Gesundheitskrise, Energiekrise, Lieferkettenengpässe, Inflation und ein Krieg in Europa prägen derzeit das Tagesgeschehen. All diese Krisen haben zahlreiche Auswirkungen auf das derzeitige Wirtschaftsleben und Marktgeschehen, sie sind aber auch eine Herausforderung für die Lern- und Weiterentwicklungsfähigkeit der Wirtschaft, des Rechts und ihrer Institutionen.
„Gerade Krisenzeiten sind insbesondere auch Zeiten der Aufsichtsräte. Aufsichtsratsmitglieder sind deutlich stärker als sonst gefordert, sich unterstützend kritisch-konstruktiv und korrigierend einzubringen und das Unternehmen voranzubringen. Denn Krisen sind auch immer Chancen zur Strategiekorrektur und Überprüfung der bisherigen Unternehmensregelungen auf ihre dauerhafte Belastbarkeit“, versichert Susanne Kalss, WU-Professorin und Leiterin des Instituts für Unternehmensrecht.
Werner H. Hoffmann, Leiter des WU-Instituts für Strategisches Management ergänzt: „Hier sind Aufsichtsräte aktuell und weiterhin stark gefordert, ihren Beitrag zu leisten, um das Innovationspotenzial von Krisen zu nutzen und beizutragen, ihre Unternehmen langfristig widerstandsfähiger zu machen.

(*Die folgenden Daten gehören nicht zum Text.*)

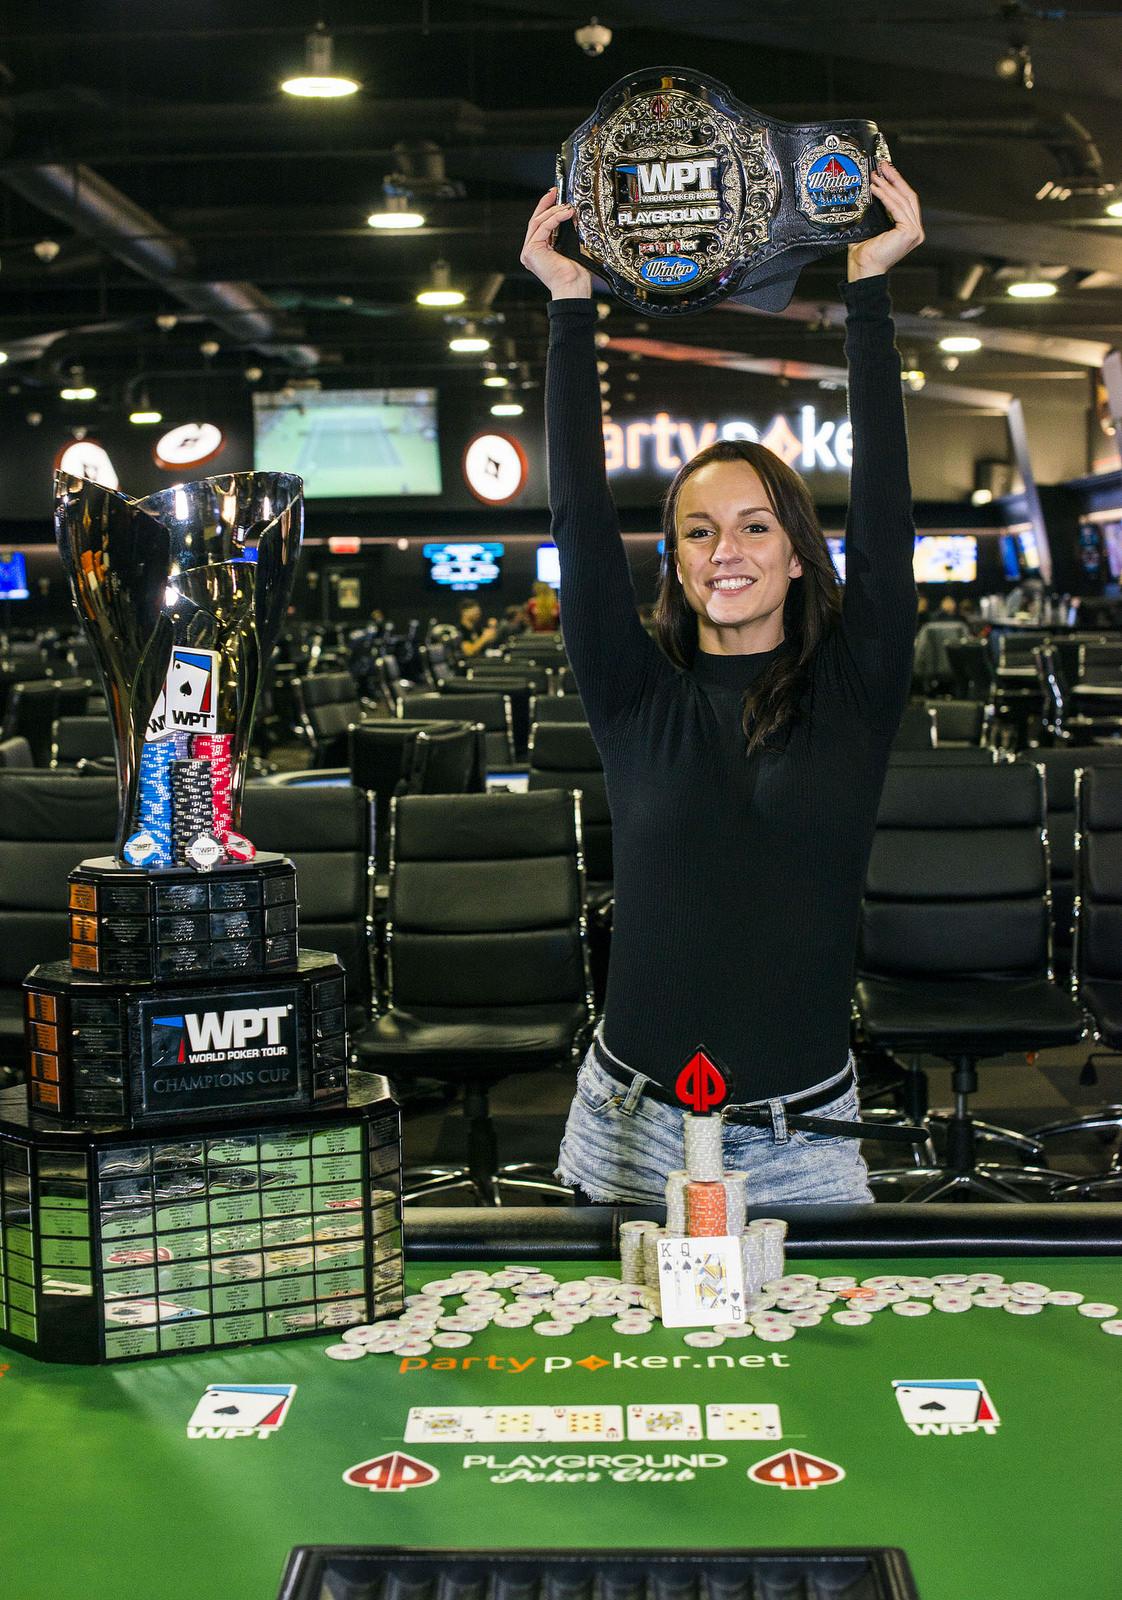 WPT Playground : Ema Zajmovic première gagnante d'un World Poker Tour ! 102
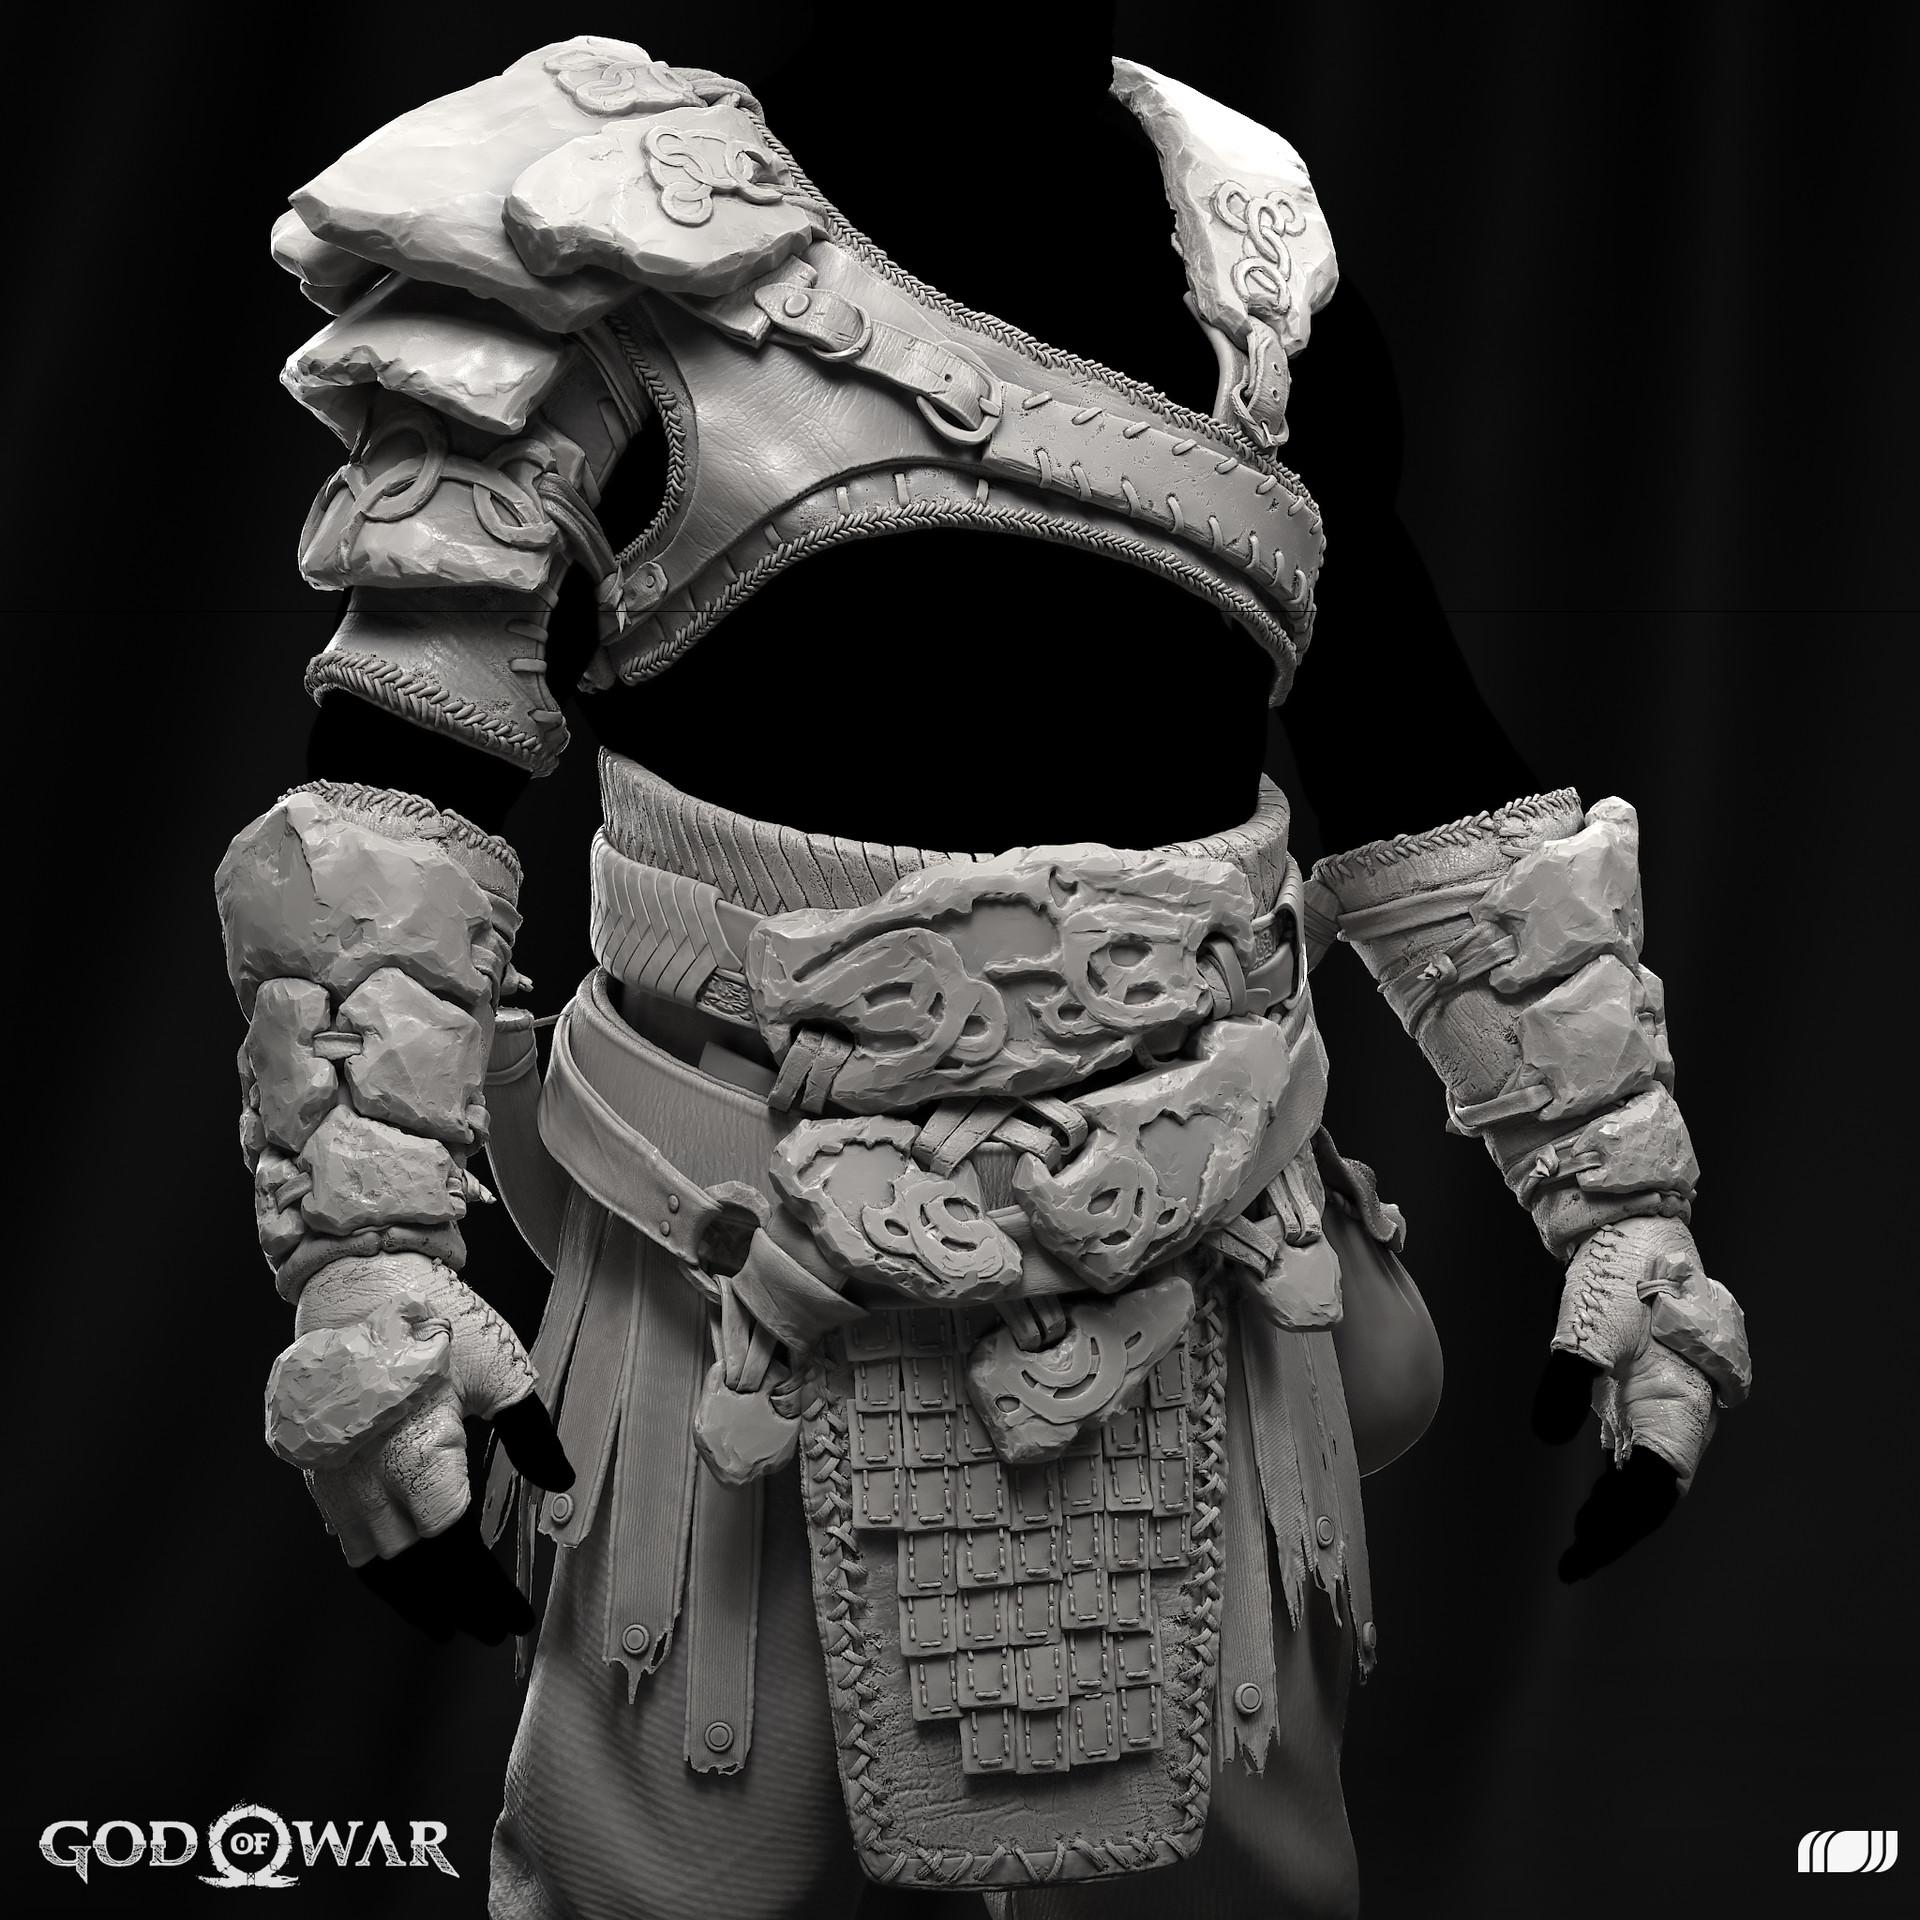 ArtStation - God Of War: Kratos Ancient armor set, Maxence Fleuret

Krisen als Entdeckungsverfahren für bisher unbekannte Fallkonstellationen können die dauerhafte erfolgreiche Transformation eines Unternehmens unterstützen.“
Die Krisen als Chance für Europa
Zu diesem Thema diskutierten beim „13. Österreichischen Aufsichtsratstag“ an der Wirtschaftsuniversität Wien insgesamt mehr als 350 Teilnehmer mit zahlreichen Experten, wie Aufsichtsräte die Krise als Chance nutzen können, ohne diese Perspektive zum Schlagwort verkommen zu lassen.
Ziel war es, Best Practices aufzuzeigen und gemeinsam zu rekapitulieren, wie Krisen mit Elan, Kreativität und Mut zu neuen, innovativen Ideen und Gestaltungen genutzt werden können. Die Vortragenden belegten mit innovativen Beispielen, wie sich die europäische Wirtschaft bzw. Gesellschaft künftig weiterhin ihre Wettbewerbs- und Zukunftsfähigkeit sichern und aus Krisen langfristig lernen kann.
Die Initiatoren der Veranstaltung Susanne Kalss und Werner H. Hoffmann, begrüßten u. a. Edeltraud Hanappi-Egger, Rektorin der WU Wien, Sabine Herlitschka, Vorstandsvorsitzende der Infineon Technologies Austria AG, Michael Strugl, Vorstandsvorsitzender der Verbund AG, Peter Löscher, Vorsitzender des Aufsichtsrats der Telefonica Deutschland Holding AG, u.v.m..
Engere Zusammenarbeit zwischen Aufsichtsrat und Vorstand
Wie der Aufsichtsrat die Transformation zu einem lösungsorientierten Krisenmanagement begleiten kann, damit setzten sich auch Susanne Kalss, Julia Nicolussi und Anne d’Arcy in ihren Workshops zu den drei Kernbereichen „Familienunternehmen“, „Öffentliche Unternehmen“ und „Börsennotierte Unternehmen“ auseinander.
Der Aufsichtsrat – darin war sich das Podium einig – muss gemeinsam mit dem Vorstand Lösungswege in der Gesamtstrategie des Unternehmens verankern, die sowohl den Weg aus der Krise und gleichzeitig die zukünftige Unternehmenstransformation unterstützen.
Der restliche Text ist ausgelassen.